Information shown section start

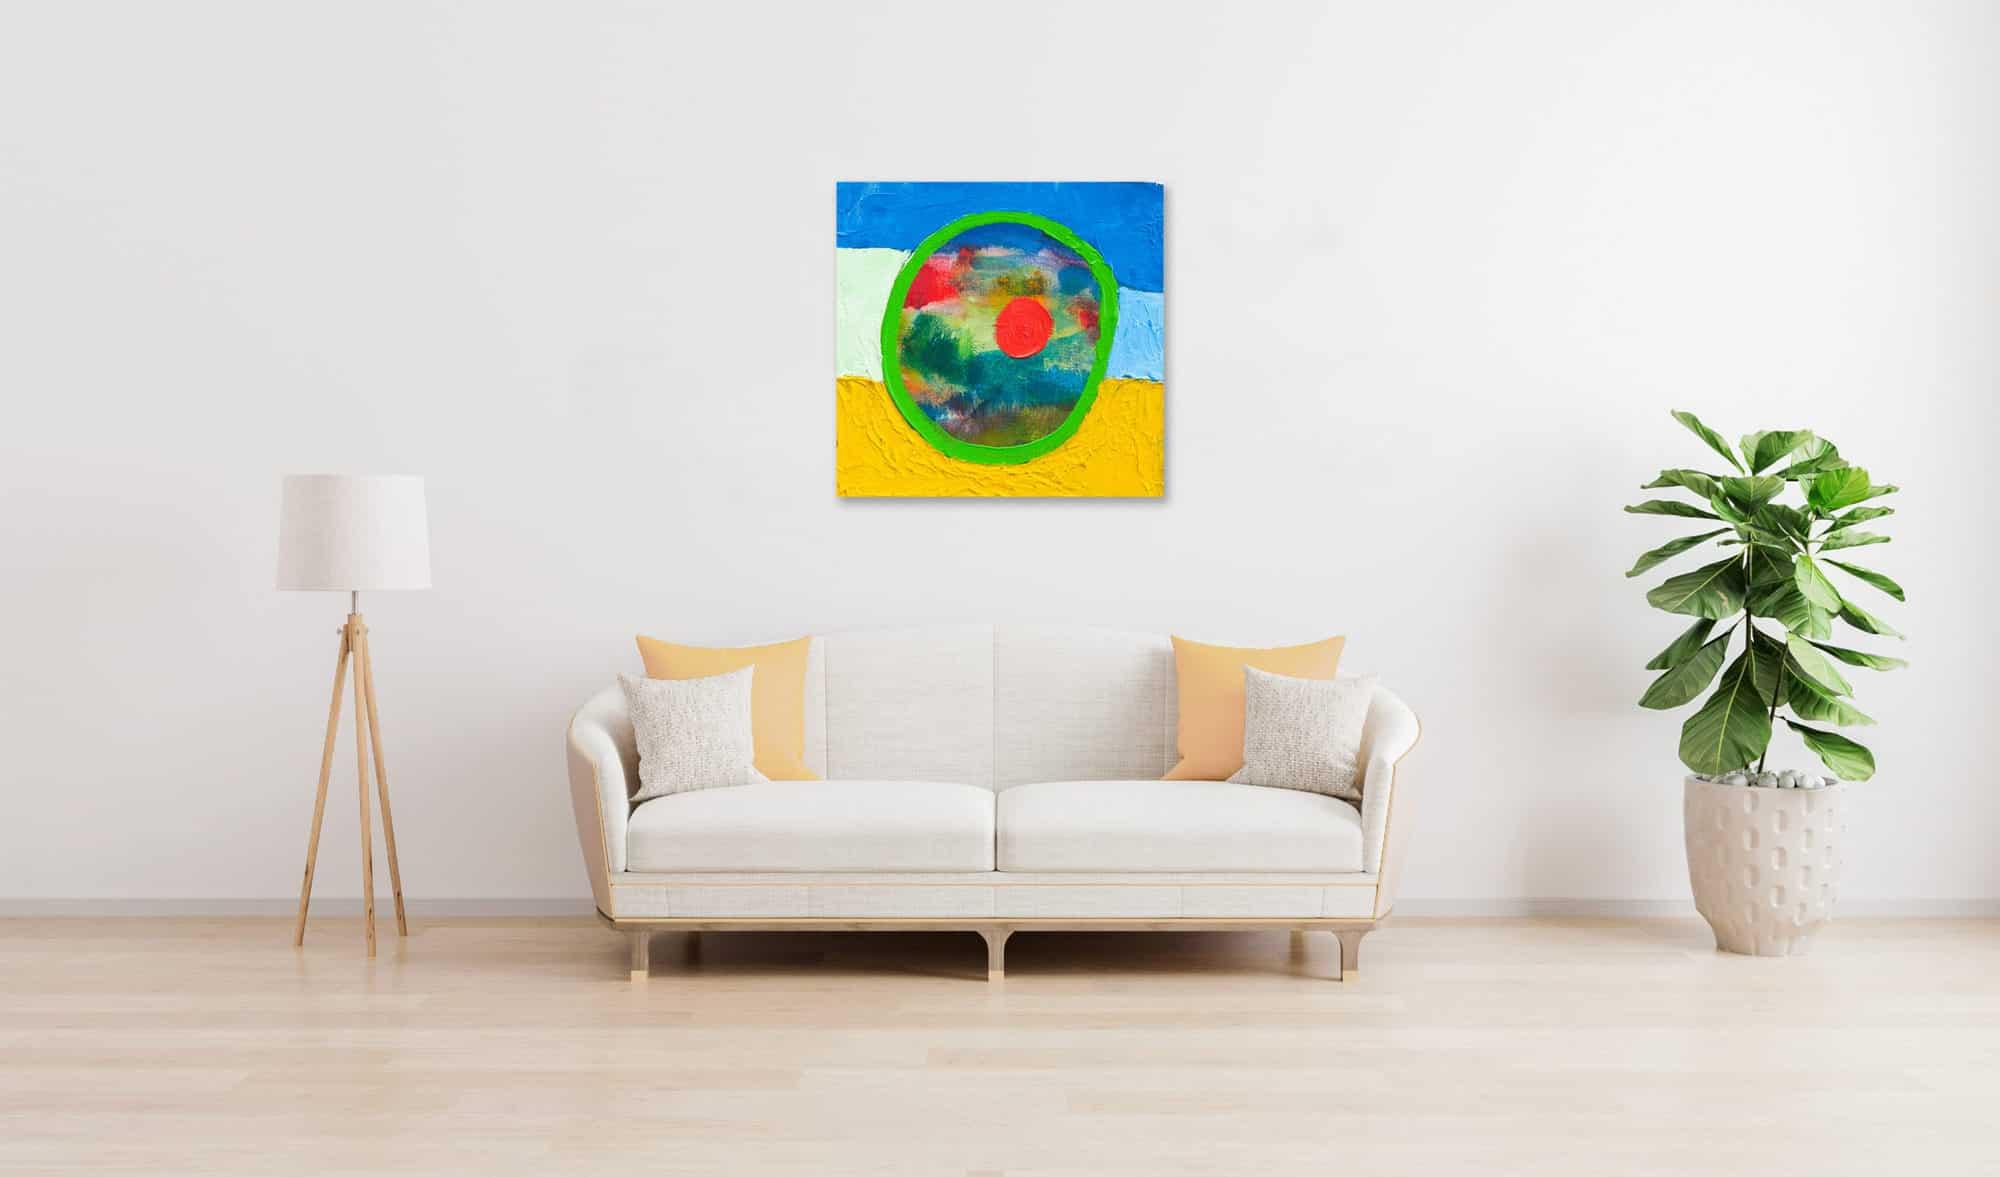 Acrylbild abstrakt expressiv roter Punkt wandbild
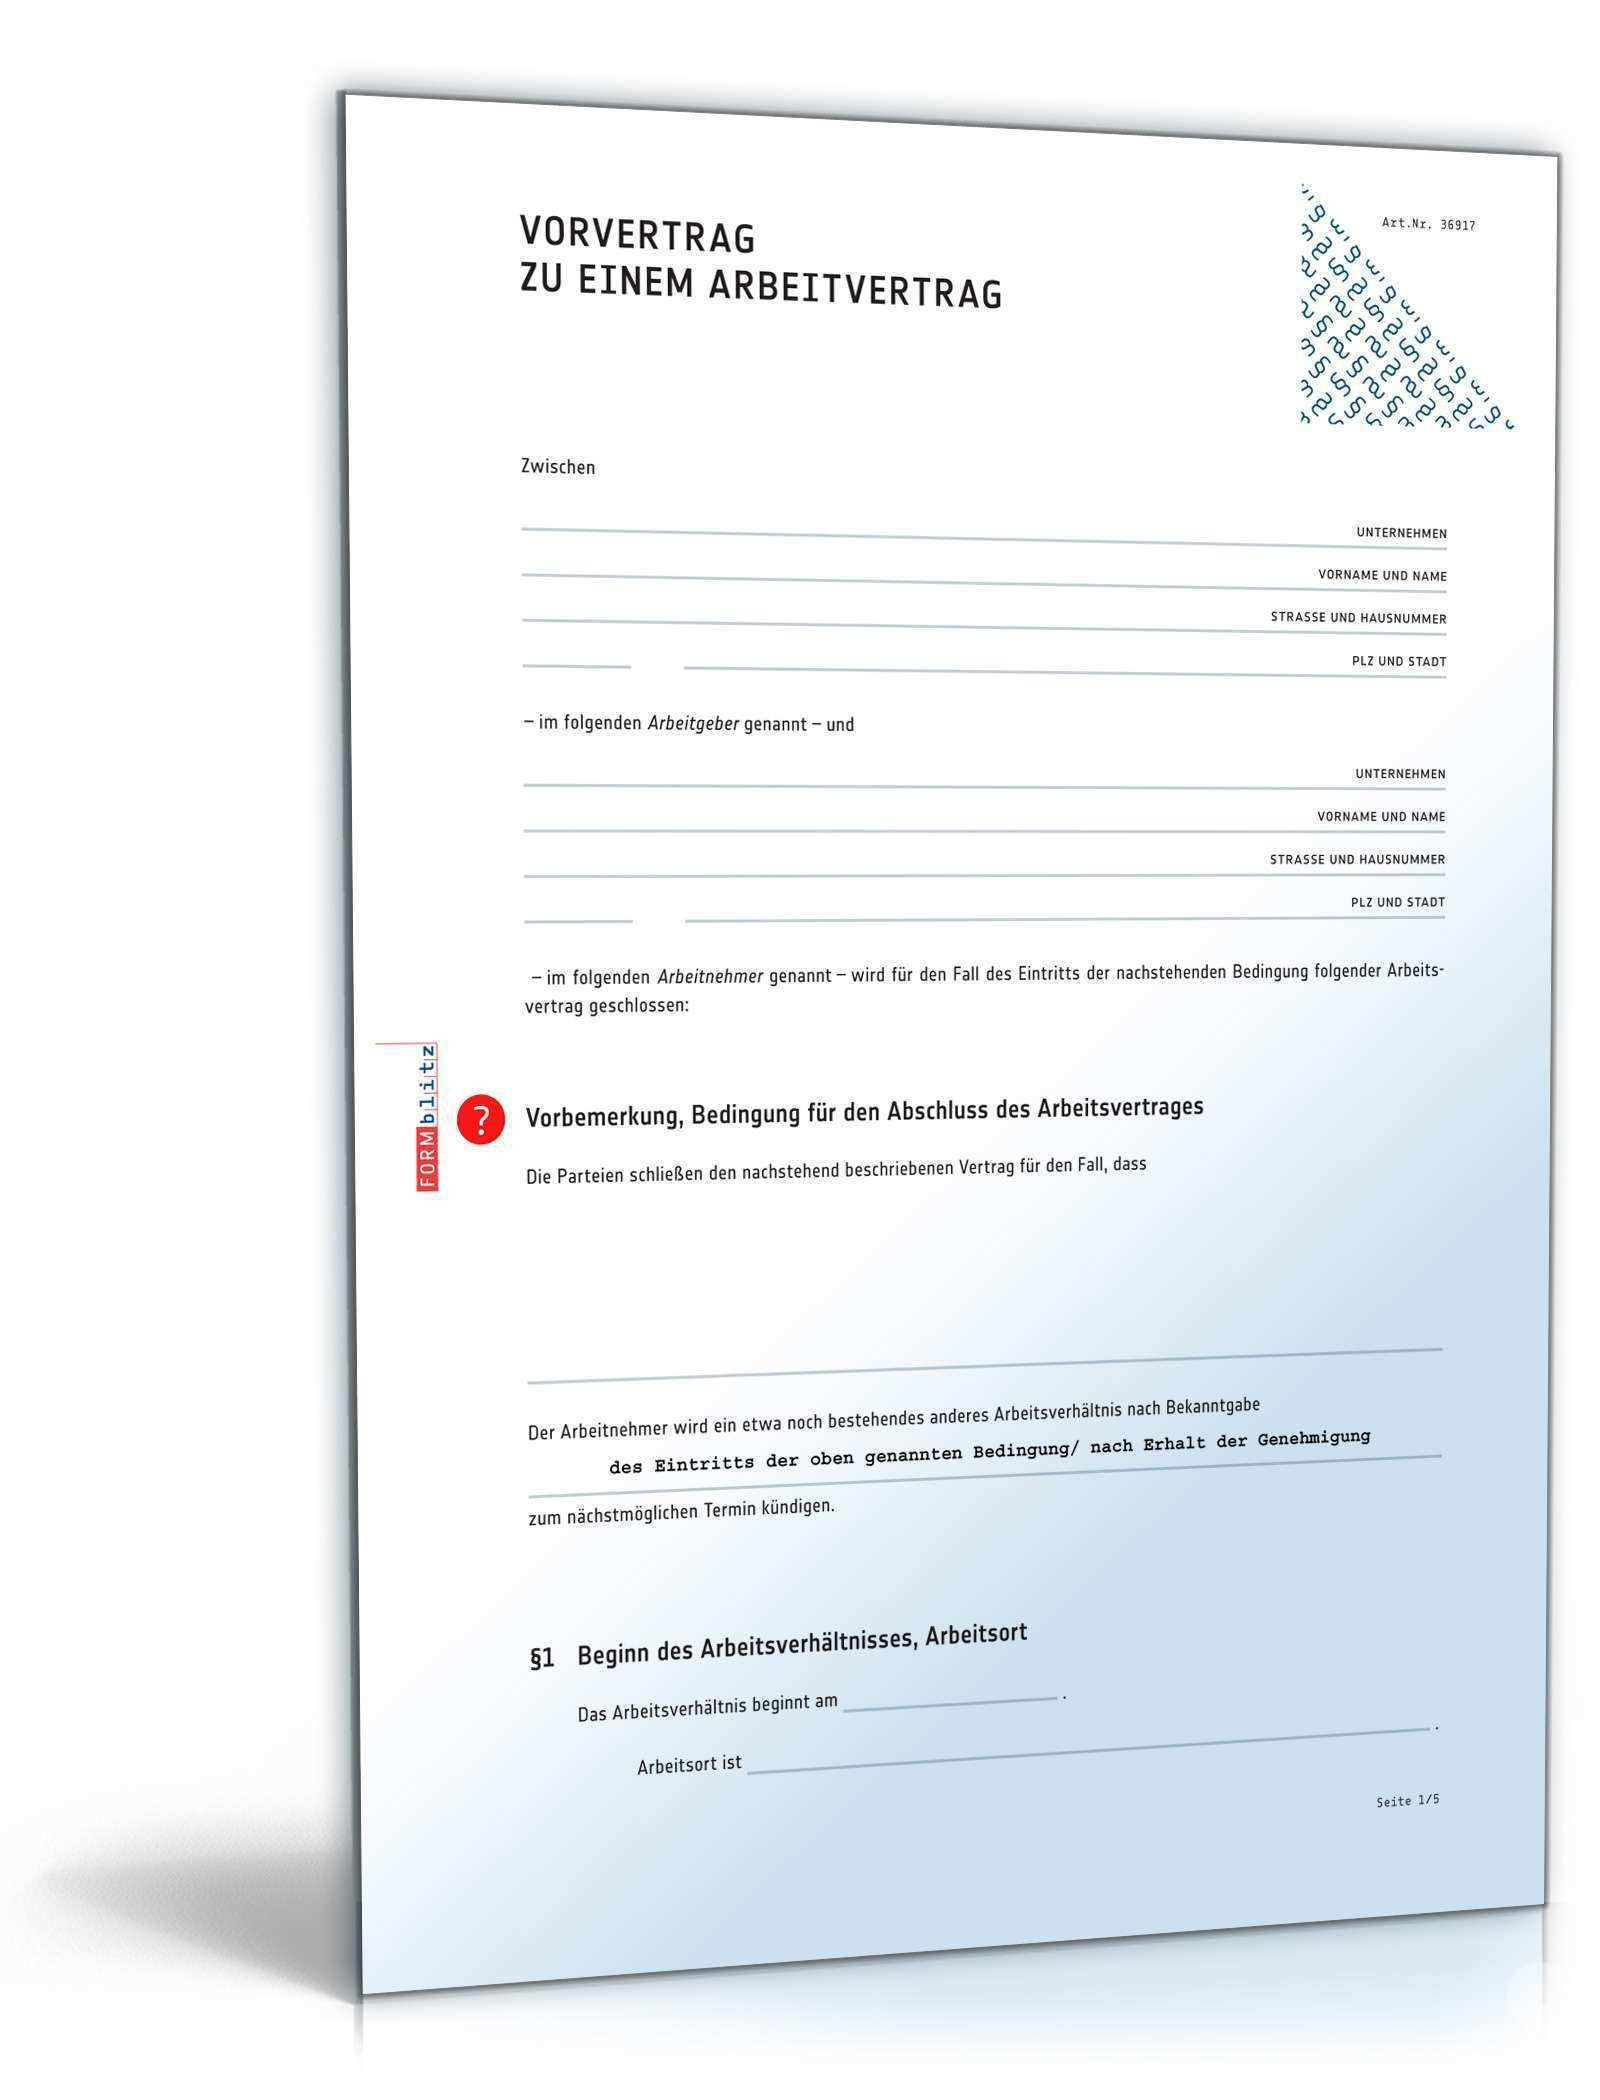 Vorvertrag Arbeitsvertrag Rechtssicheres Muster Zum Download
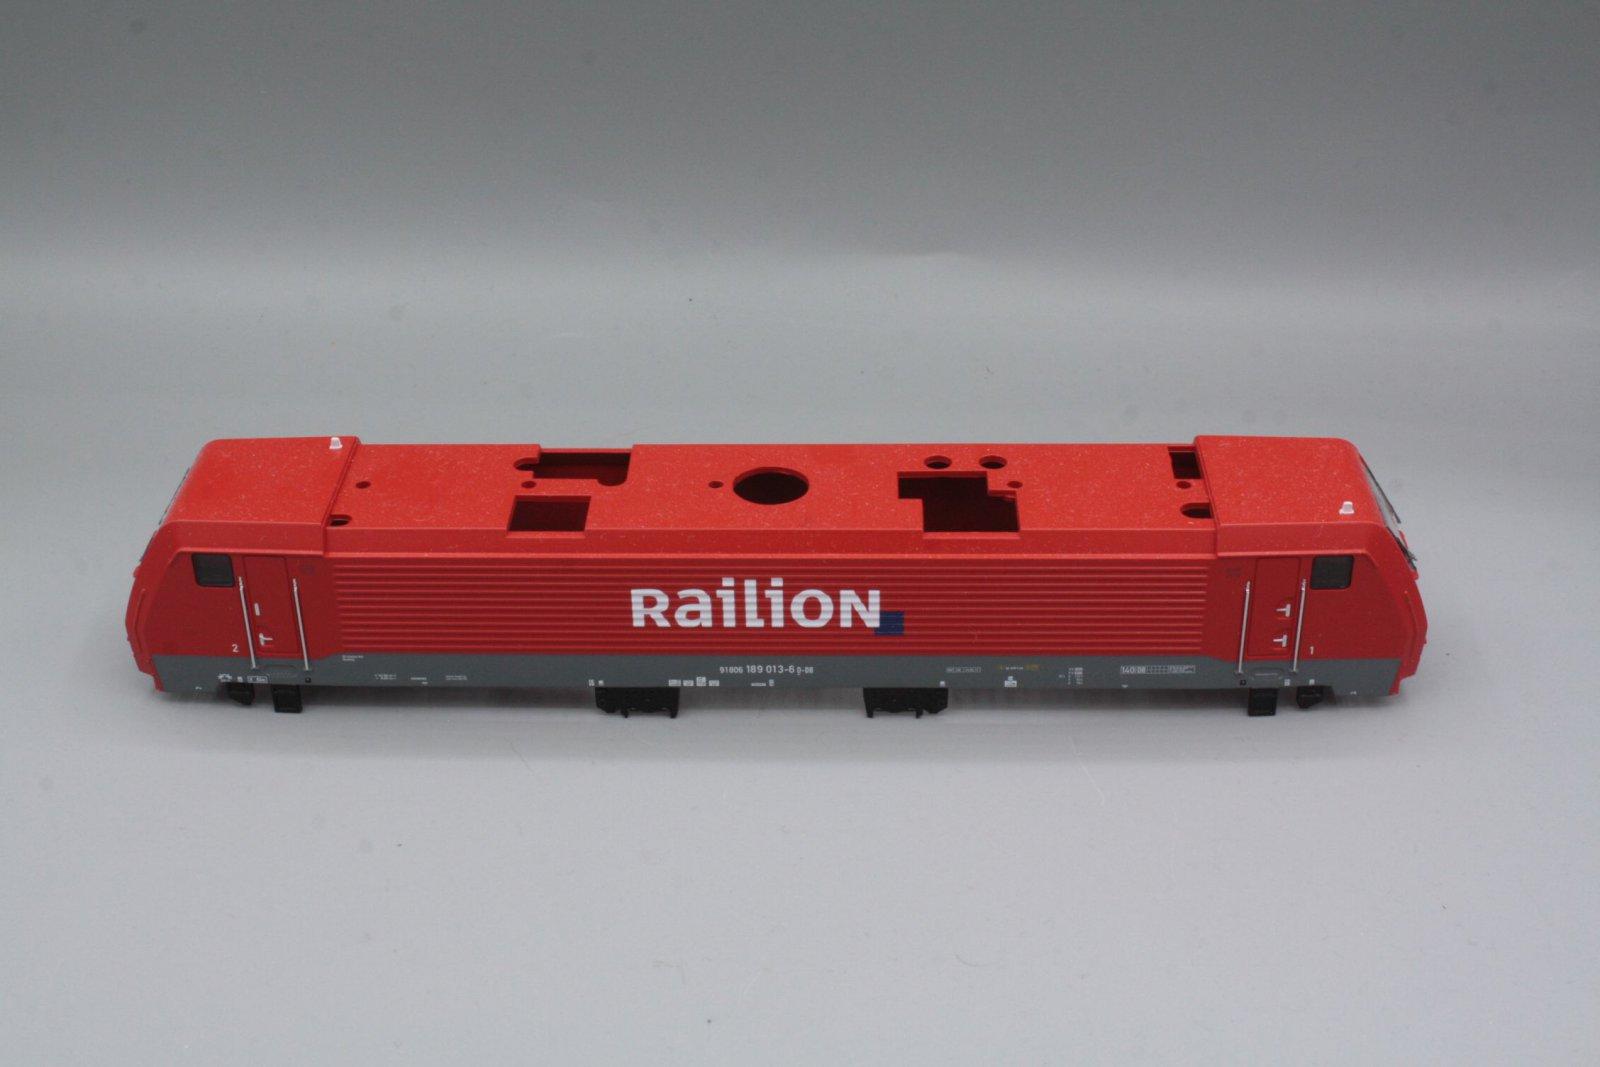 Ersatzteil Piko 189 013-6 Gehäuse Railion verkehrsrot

Information shown section end

Work item:
Reproduce everything above exactly, images excluded.

Solution:
 Acrylbild abstrakt expressiv roter Punkt wandbild
 Vorvertrag Arbeitsvertrag Rechtssicheres Muster Zum Download
 Ersatzteil Piko 189 013-6 Gehäuse Railion verkehrsrot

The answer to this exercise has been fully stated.